Although ‘The Boss’ has made beautiful albums by himself and had a few times departing away from his friends, the rest of the group were as important to his music as Crazy Horse was to Neil Young or the Fabulous Flames were to James Brown. So when he decided to put them on the shelf for a while, all he needed was the right show to convince him to turn all the lights back on.

But it’s not like the band were completely on good terms all of the time. Anyone would have been run ragged if they had to go through all the blood, sweat and tears that it took to come up with the landmark album Born to Run, but there were already glimpses that Springsteen was going to work on his own as far back as Nebraska. It would have been easy to cut tunes like ‘Atlantic City’ with the rest of the band, but something about the emotional vulnerability of Springsteen in his room is what made everything sound so haunting.

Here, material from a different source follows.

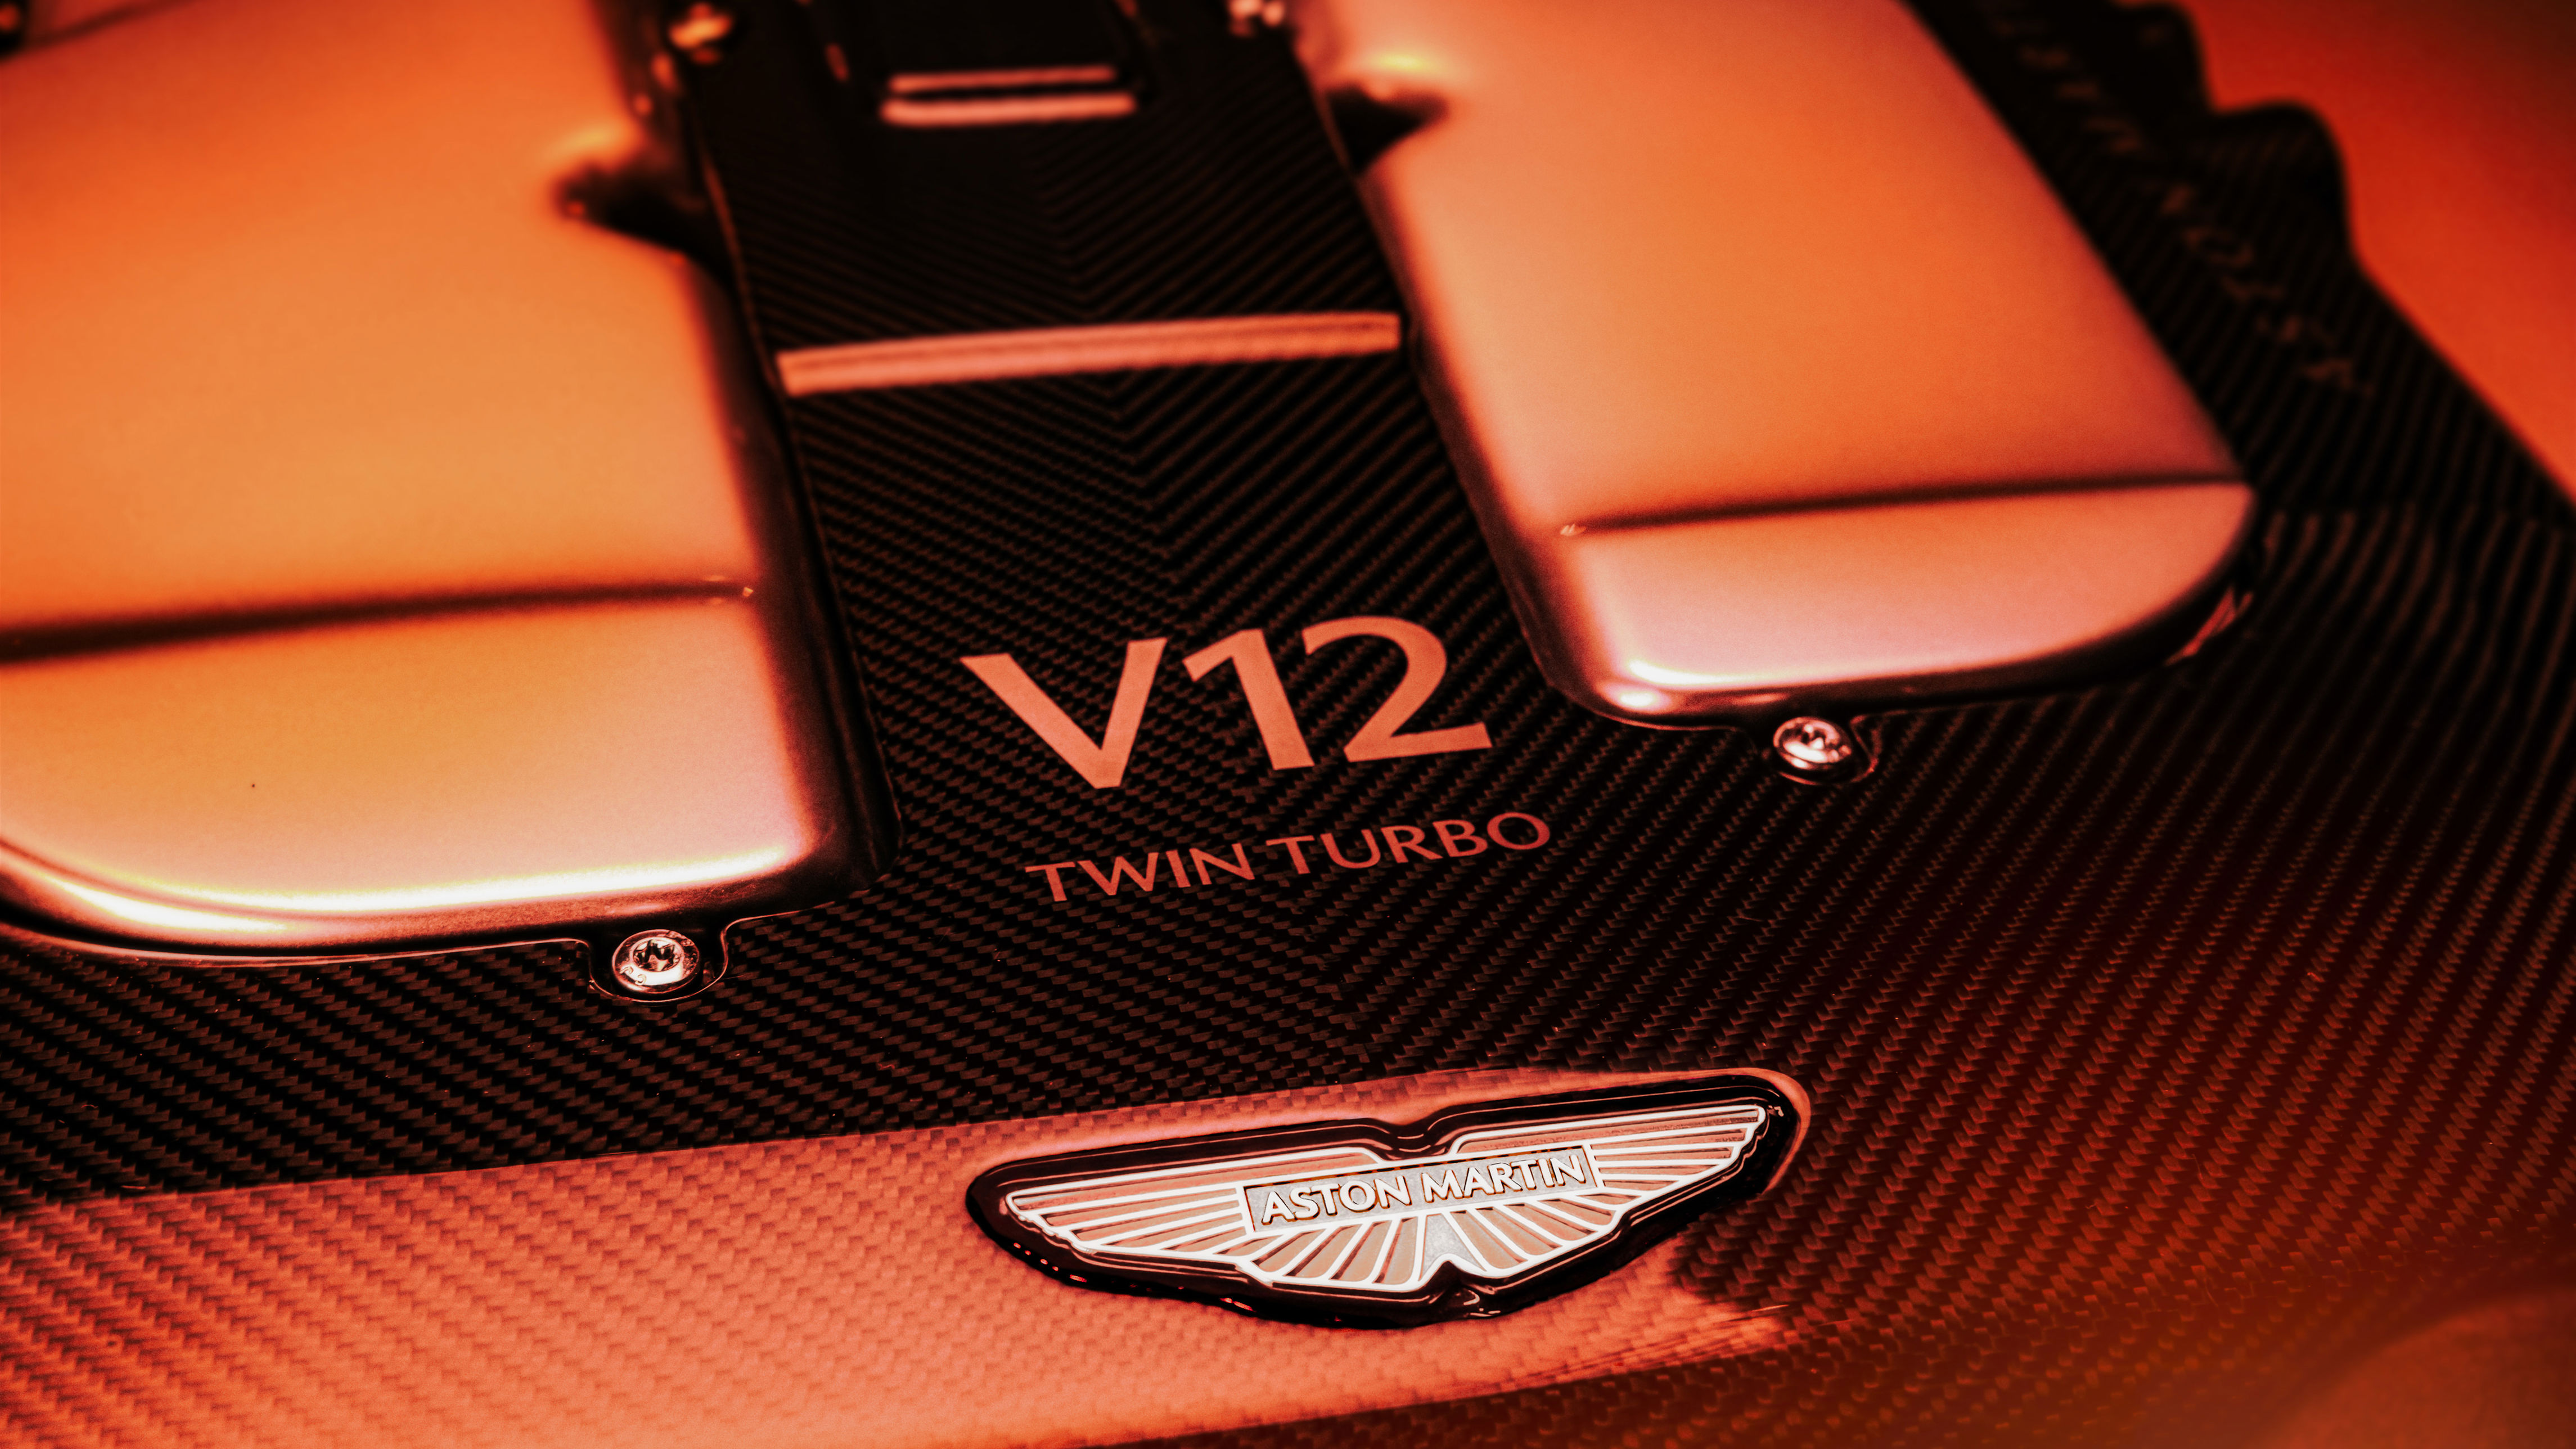 aston martin’s next turbo v12 will have 824bhp and sit in the new vanquish

So if he could make that all on his own, perhaps there was room for him as a solo star. He managed to have his own independent album on Tunnel of Love, but once he started working on his pure solo records, something always felt a bit off. Albums like Human Touch and Lucky Town weren’t objectively bad by any means, but there was definitely something missing when you didn’t hear Clarence Clemons on saxophone or Nils Lofgren or Stevie Van Zandt on guitar.

If that wasn’t enough of a reality check, the fact that Springsteen got inducted completely by himself in 1999 was absolute bullshit. The idea of the rest of the band having to wait decades before they got inducted was already a slap in the face to what they brought out of Springsteen’s material in the beginning. The band had been estranged for a while, but even by 1998, ‘The Boss’ knew that he needed to add a few more employees back onstage with him.

After seeing his heroes like Bob Dylan, Van Morrison and Joni Mitchell all singing together at a gig in San Jose, Springsteen realised that he had missed that sense of community onstage, saying, “The floor was a mass of smiles and swaying bodies. As I watched I thought, ‘I can do this. I can bring this, this happiness, these smiles.’ I went home and called the E Street Band.” And by the time the new millennium started, he really was going to need a band like that behind him.

A tragedy like 9/11 was always going to do a number on anyone living near New York City, but what Springsteen did had to have a band behind him. He wasn’t going to try and make tunes as a memorial, but even if a track like ‘My City of Ruins’ worked well with him and a guitar, hearing ‘The Rising’ wouldn’t have worked unless he had the rest of the band behind him singing along to every word.

Since then, it almost makes sense that most people in the E Street Band are as close as can be. Some of the old disagreements might flare up every now and again, but since Springsteen has built his family with Patti Scialfa, it’s safe to say that the rest of the band are as close to blood brothers as one could be.

There are countless instruments onstage whenever the band plays, but Springsteen was reminded that one night about the collective instrument they turn into whenever they play. It’s also a reminder of why Van Zandt’s words hit Springsteen so hard when inducting the group into the Rock and Roll Hall of Fame. Springsteen’s name might live on for generations to come, but the actual legend comes from the E Street Band.